I see post-command-hook being run from server-visit-files, but I don't
see sit-for.  The sit_for (not sit-for) in your backtrace is called
from read_char, something that happens every time Emacs becomes idle.

> I have attached a backtrace, taken during the hang. Unfortunately it is
> from a optimized build (would have needed to recompile just now, and I
> am a bit in a hurry) but it at least shows the callstack (more or less)
> nicely.

It lacks the Lisp backtrace ("xbacktrace" can produce it), and the
fact that most arguments are either optimized out or complex data
types shown as "..." makes the backtrace much less useful.

> > I understand that this timer calls accept-process-output with its
> > argument nil, is that correct?  If so, isn't that a bug for a timer to
> > do that?  Doing that runs the risk of eating up output from some
> > subprocess for which the foreground Lisp program is waiting.
> 
> I haven't actually checked which timer it is, to be quite honest since I
> didn't think of it as a bug at all.
> 
> Correct me if I am wrong, calling accept-process-output w/o arguments
> is expected to be quite harmless and can be useful. If you specify a
> specific process, you will most definitely wait at least as long as
> it takes for that process to produce any output.
> 
> Nevertheless: If am not completely mistaken, there is no data lost at
> all. It is read and passed to the filter function which was registered
> by the interested party -- otherwise the default filter will simply
> append it to the buffer it belongs to.
> 
> The only thing that is lost is that it was ever read at all and thus
> an endless wait begins.

But if the wrong call to accept-process-output have read the process
output, it could have also processed it and delivered the results to
the wrong application, no?

> > So please point out the timer that does this, because I think that
> > timer needs to be fixed.
> 
> If you still need that, I will do some digging and try to find it.

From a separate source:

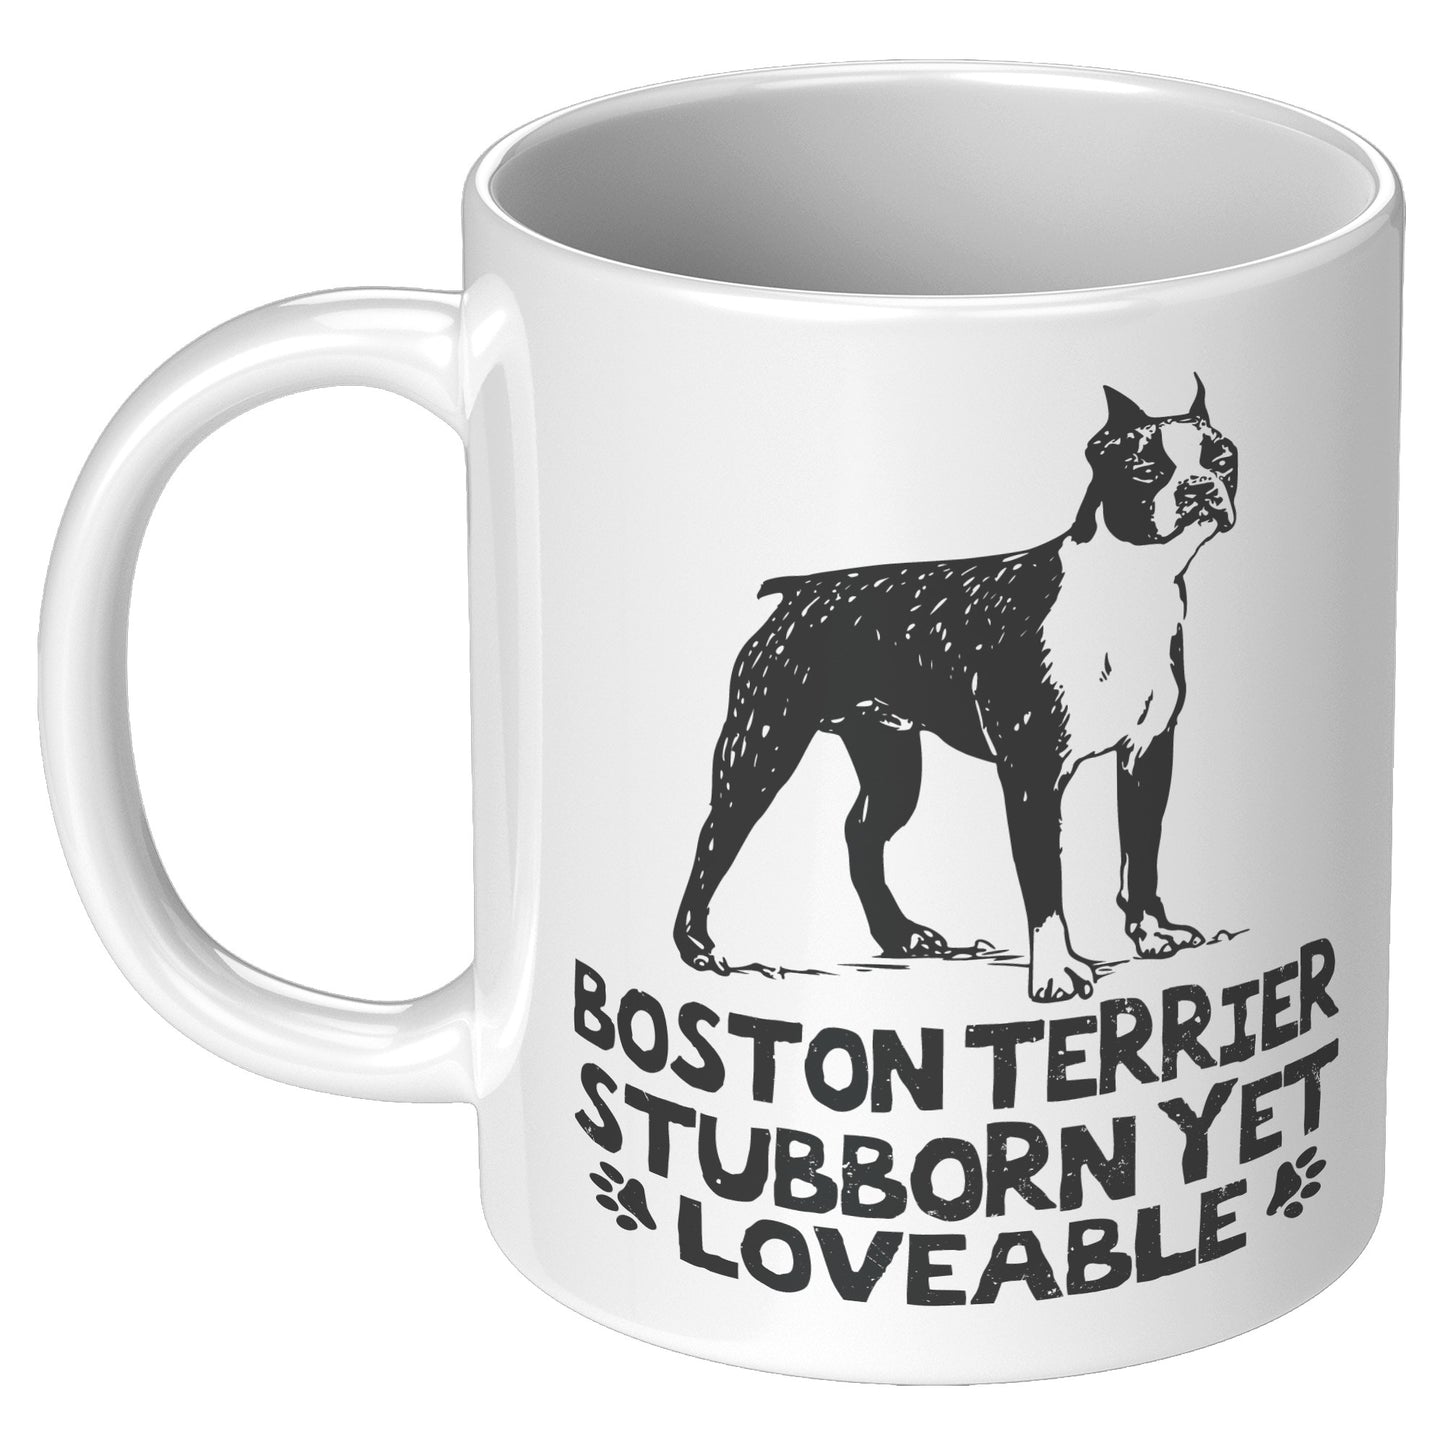 Stripes-Mug for Boston Terrier lovers

I think we need a thorough and detailed understanding of what's going
on in this case, before we can discuss the solutions, yes.  IME,
trying to fix a problem without a good understanding what it is that
we are fixing tends to produce partial solutions at best, and new bugs
at worst.

So please reproduce this in an unoptimized build, and please also show
the Lisp backtrace in this scenario.  Then let's take it from there.

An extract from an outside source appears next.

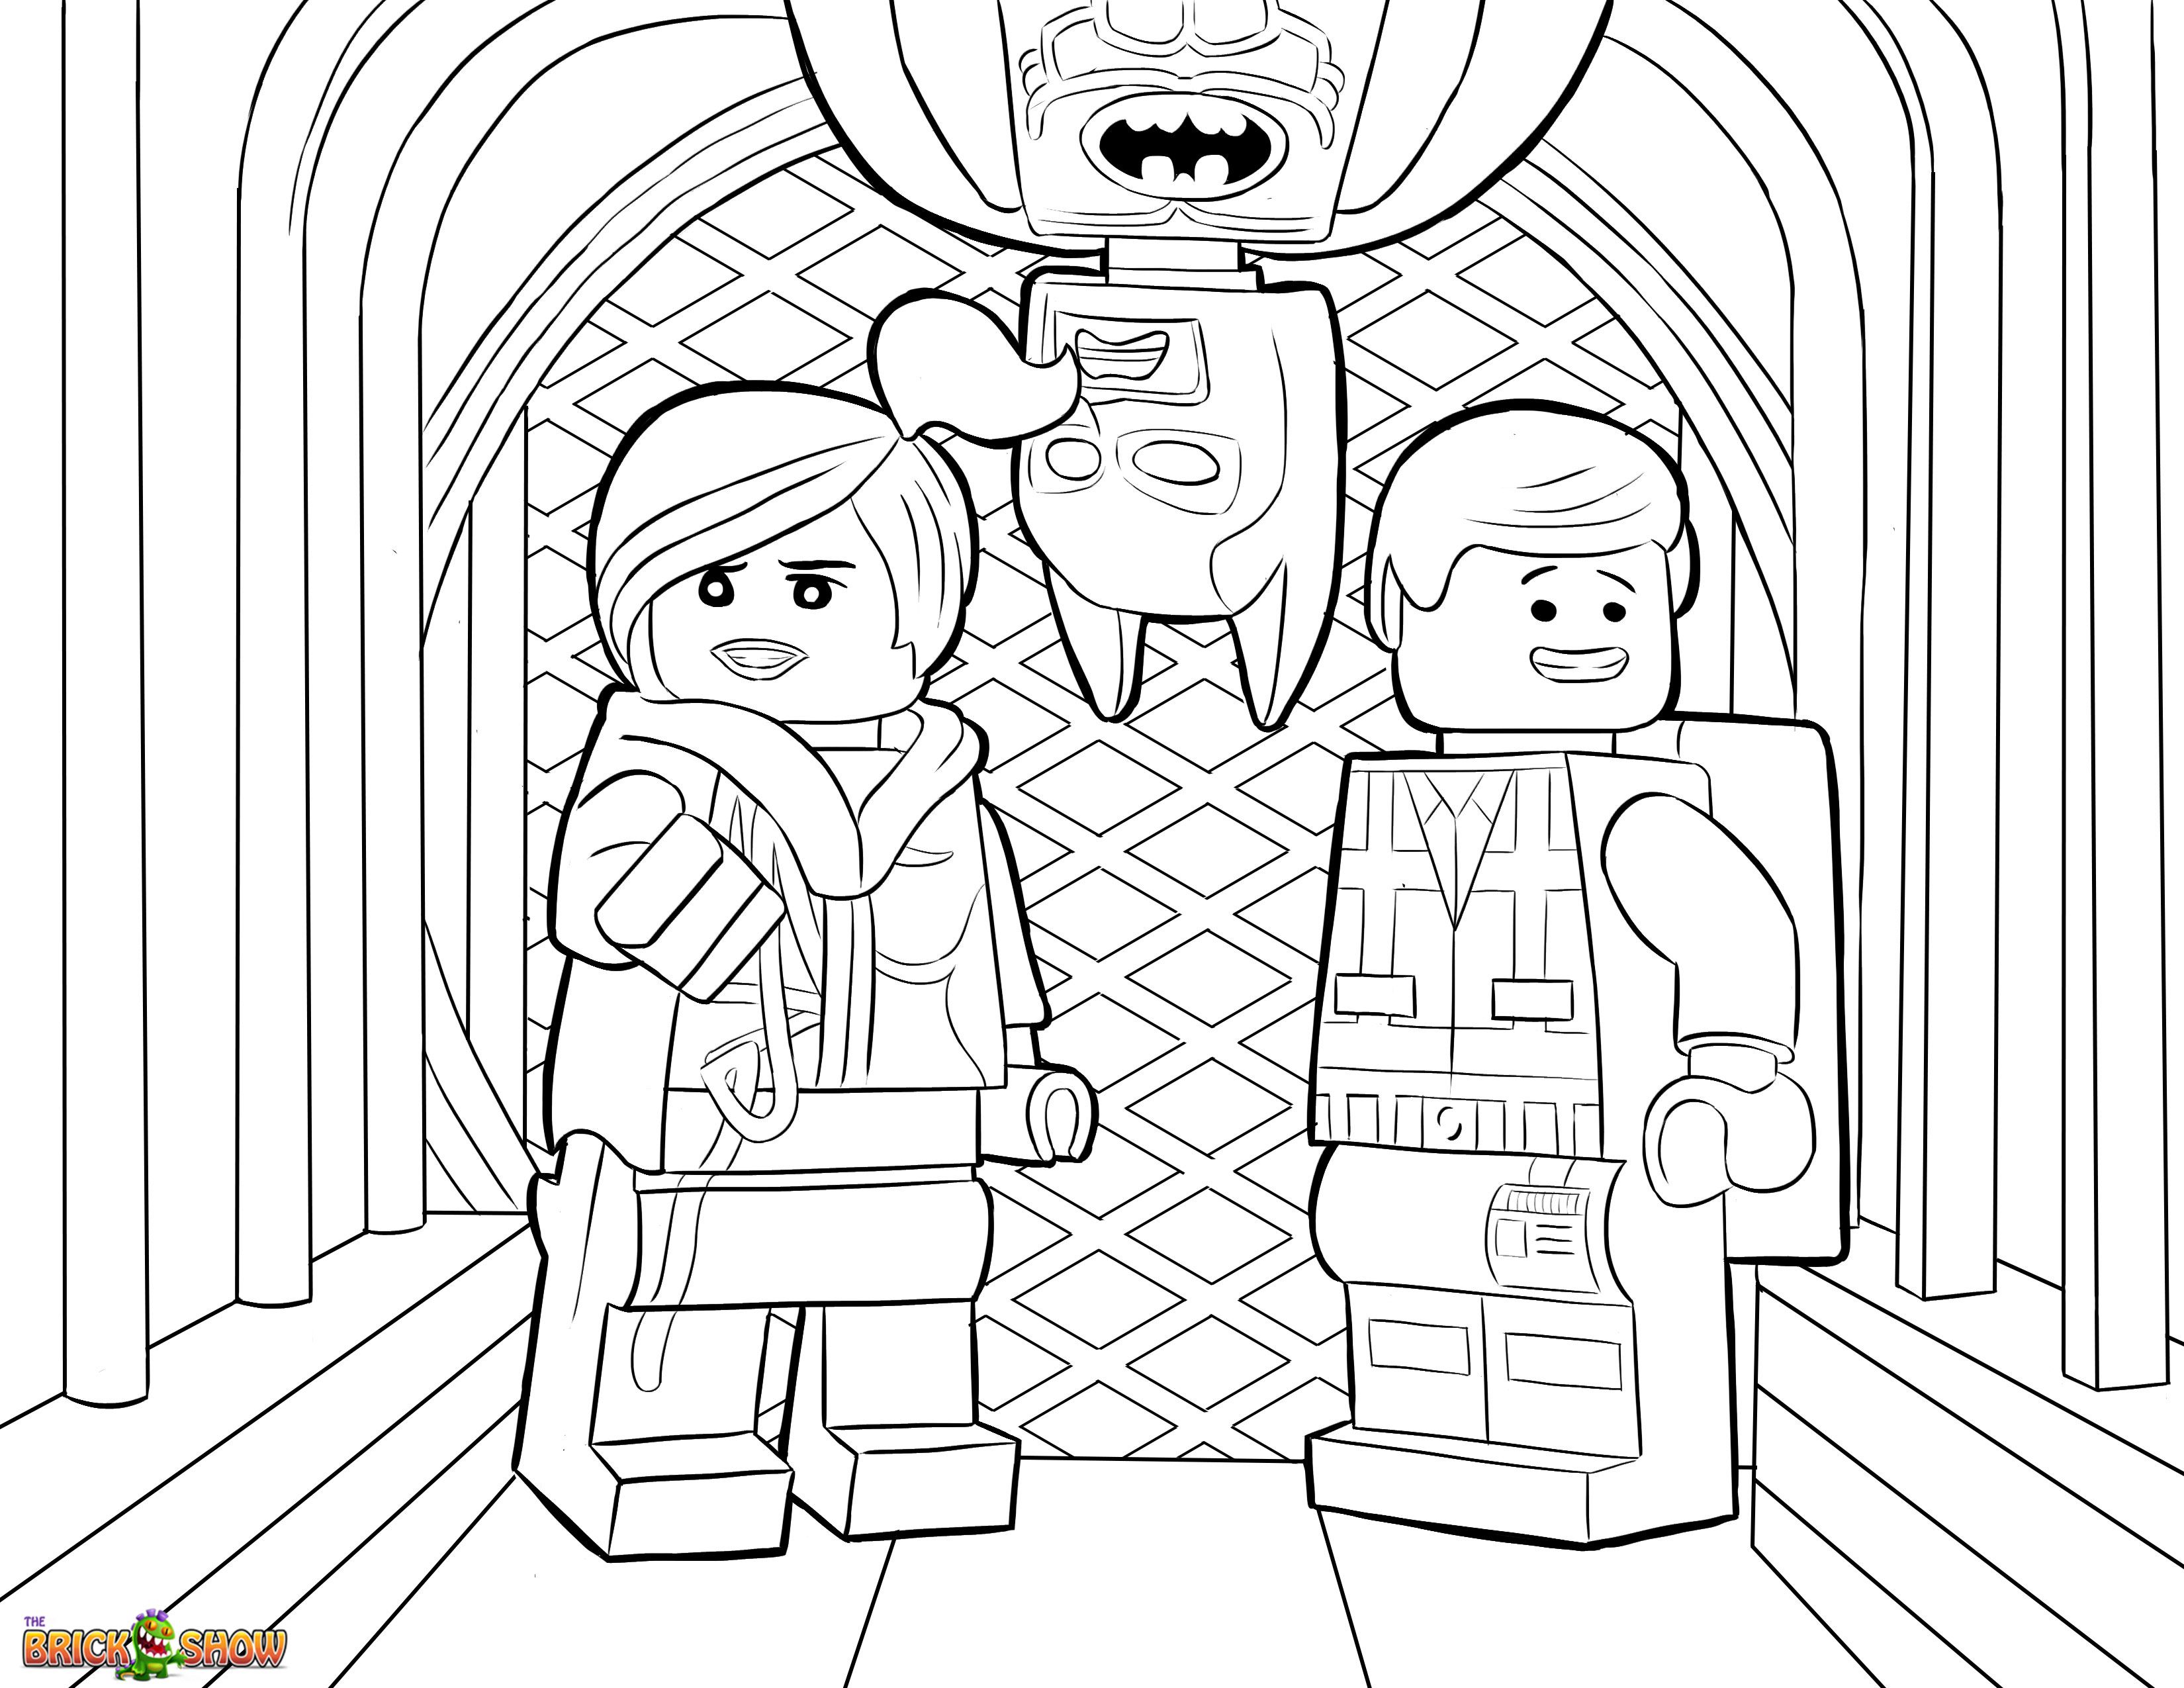 dibujos para colorear de lego movie 2 - Clip Art Library

> > We already record the file descriptors on which we wait for process
> > output, see compute_non_keyboard_wait_mask.  Once
> > wait_reading_process_output exits, it clears these records.  So it
> > should be possible for us to prevent accept-process-output calls
> > issued by such runaway timers from waiting on the descriptors that are
> > already "taken": if, when we set the bits in the pselect mask, we find
> > that some of the descriptors are already watched by the same thread as
> > the current thread, we could exclude them from the pselect mask we are
> > setting up.  Wouldn't that be a better solution?  Because AFAIU, your
> > solution just avoids an infinite wait, but doesn't avoid losing the
> > process output, because it was read by the wrong Lisp code.  Right?
> 
> Hm... at the moment I don't see where data is lost with my solution.
> Maybe I am being totally blind and making a fool out of myself but I
> honestly don't see it.

Maybe there is no loss, but I'm not really sure your proposal solves
the root cause, and without detailed understanding of what's exactly
going on, we have no way of discussing this rationally.

> > Well, I'd like to eyeball the timer which commits this crime.
> 
> If you still do, let me know and I will try to track it down...

I do.  I believe we must understand this situation very well before we
reason about its solution.